Sharing Your Work & Results
OK! We’ve now processed a bunch of SEC filings.
What’s left for us to do?
Copying Results
You want to copy the results from the Yens onto your local machine to share the results with your advisor. How do you do it?
Remember: Where do we run commands for copying from?
Communicating Your Work
Finally, your advisor (who hasn’t been keeping up with your progress, alas) wants to understand the code you’ve written, to make sure that everything makes sense.
We’ve already created a README.md
document for you to edit in the repository you cloned yesterday.
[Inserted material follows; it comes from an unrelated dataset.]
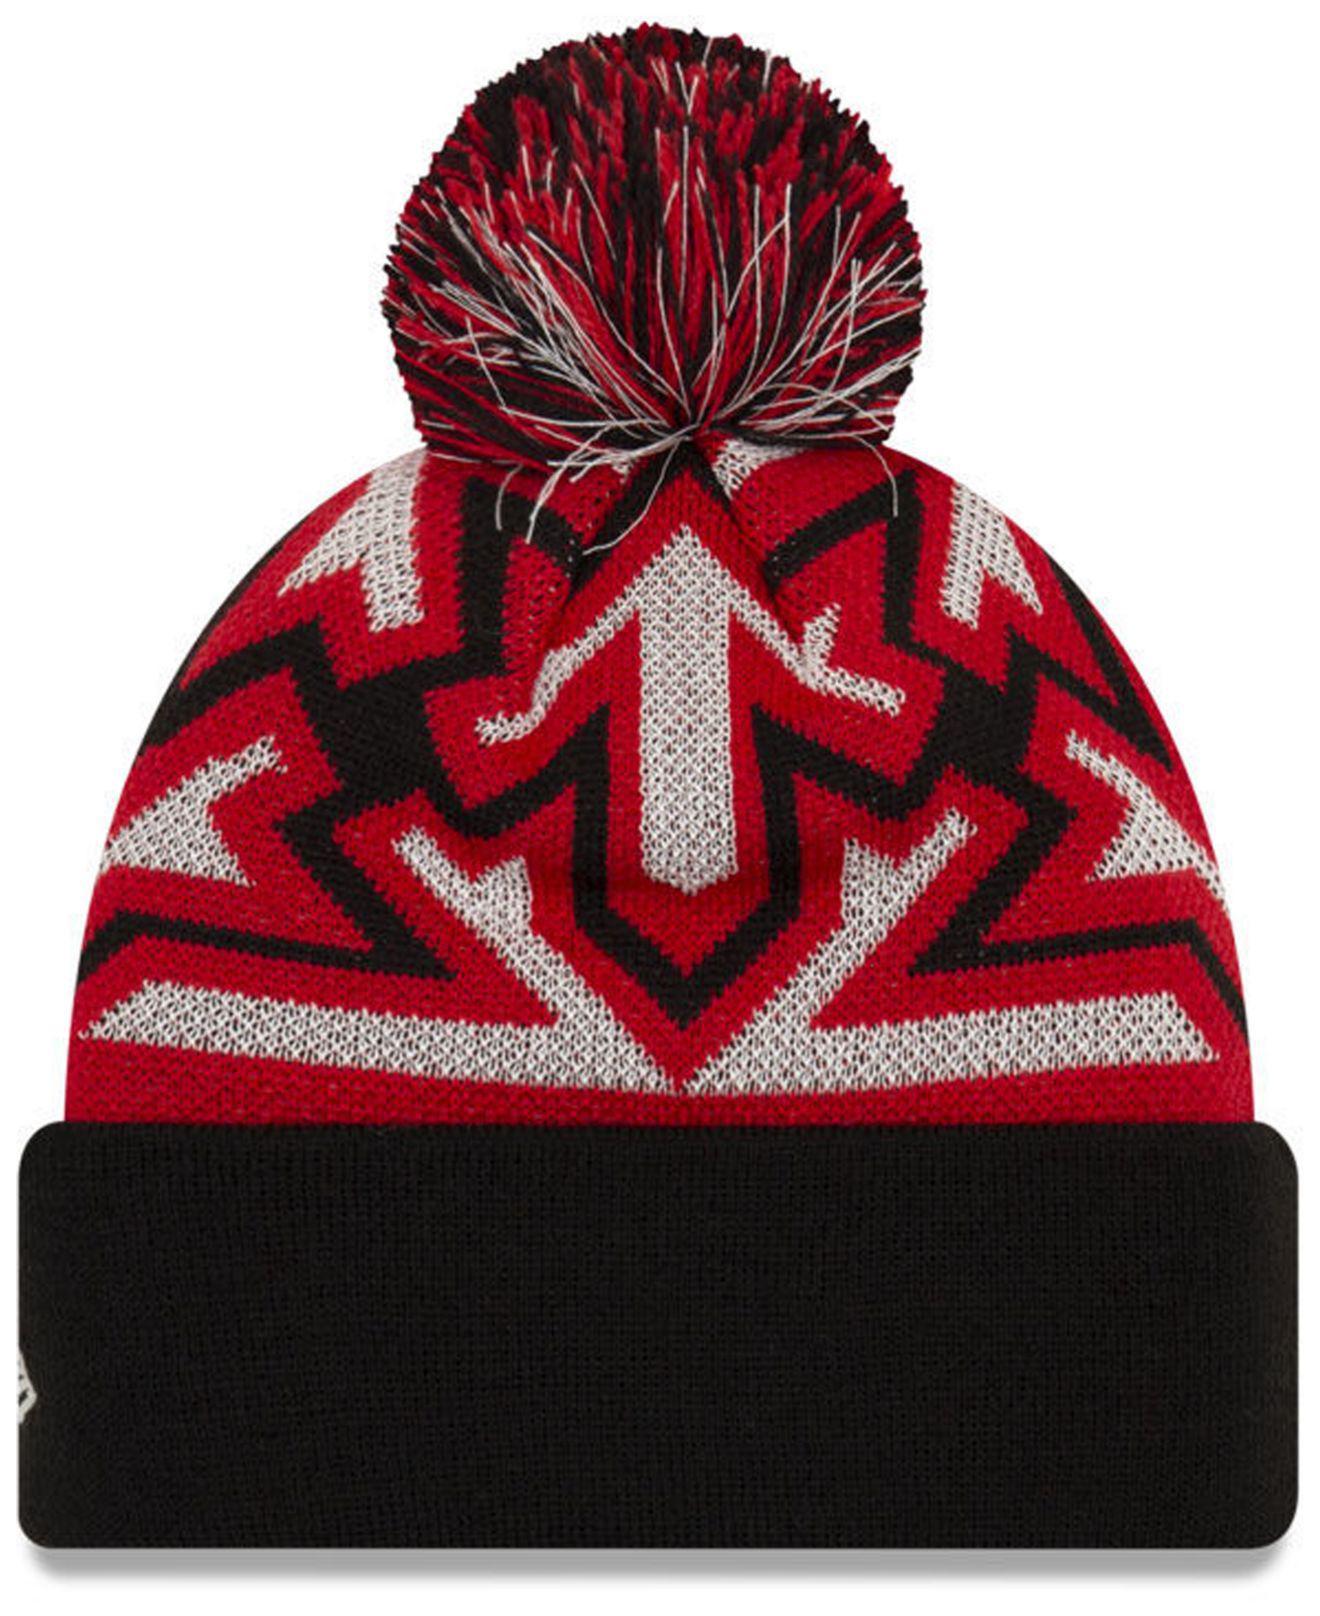 dc1307433cb Lyst - KTZ Chicago Bulls Glowflake Cuff Knit Hat in Red for Men

Your job is to edit that document, and fill in the following details so it’s easy for your advisor (or your future self) to understand your work:
- What does your SEC filing pipeline do?
- How can someone run it?
- Where are the results are saved?
- If we get new SEC filings data, how should someone update and re-run the pipeline?
When you’re done, please put a green sticky note 🟩 on the back of your laptop so we know you’re done.
Summary of the Course
Over these two sessions, you’ve learned to:
- Connect to the Yens via SSH and JupyterHub
- Navigate the filesystem and move data to/from the cluster
- Create and activate reproducible Python environments
- Run code interactively and measure resource use (CPU, memory, runtime)
- Submit and monitor jobs with Slurm
- Debug and fix common job script errors
- Handle jobs that fail for memory or time reasons
- Run real research workflows with checkpointing and batch jobs
- Scale up with job arrays for parallel processing
- Share results and document your workflow for collaborators
✅ You now have the full workflow: from logging in and setting up an environment, through running and scaling jobs, to sharing results.
🎉 Congratulations on completing Yens Onboarding!
You now have the skills to connect, run, debug, and scale jobs on the cluster. Bring these tools into your research — and remember, you’ve got a community and resources to support you.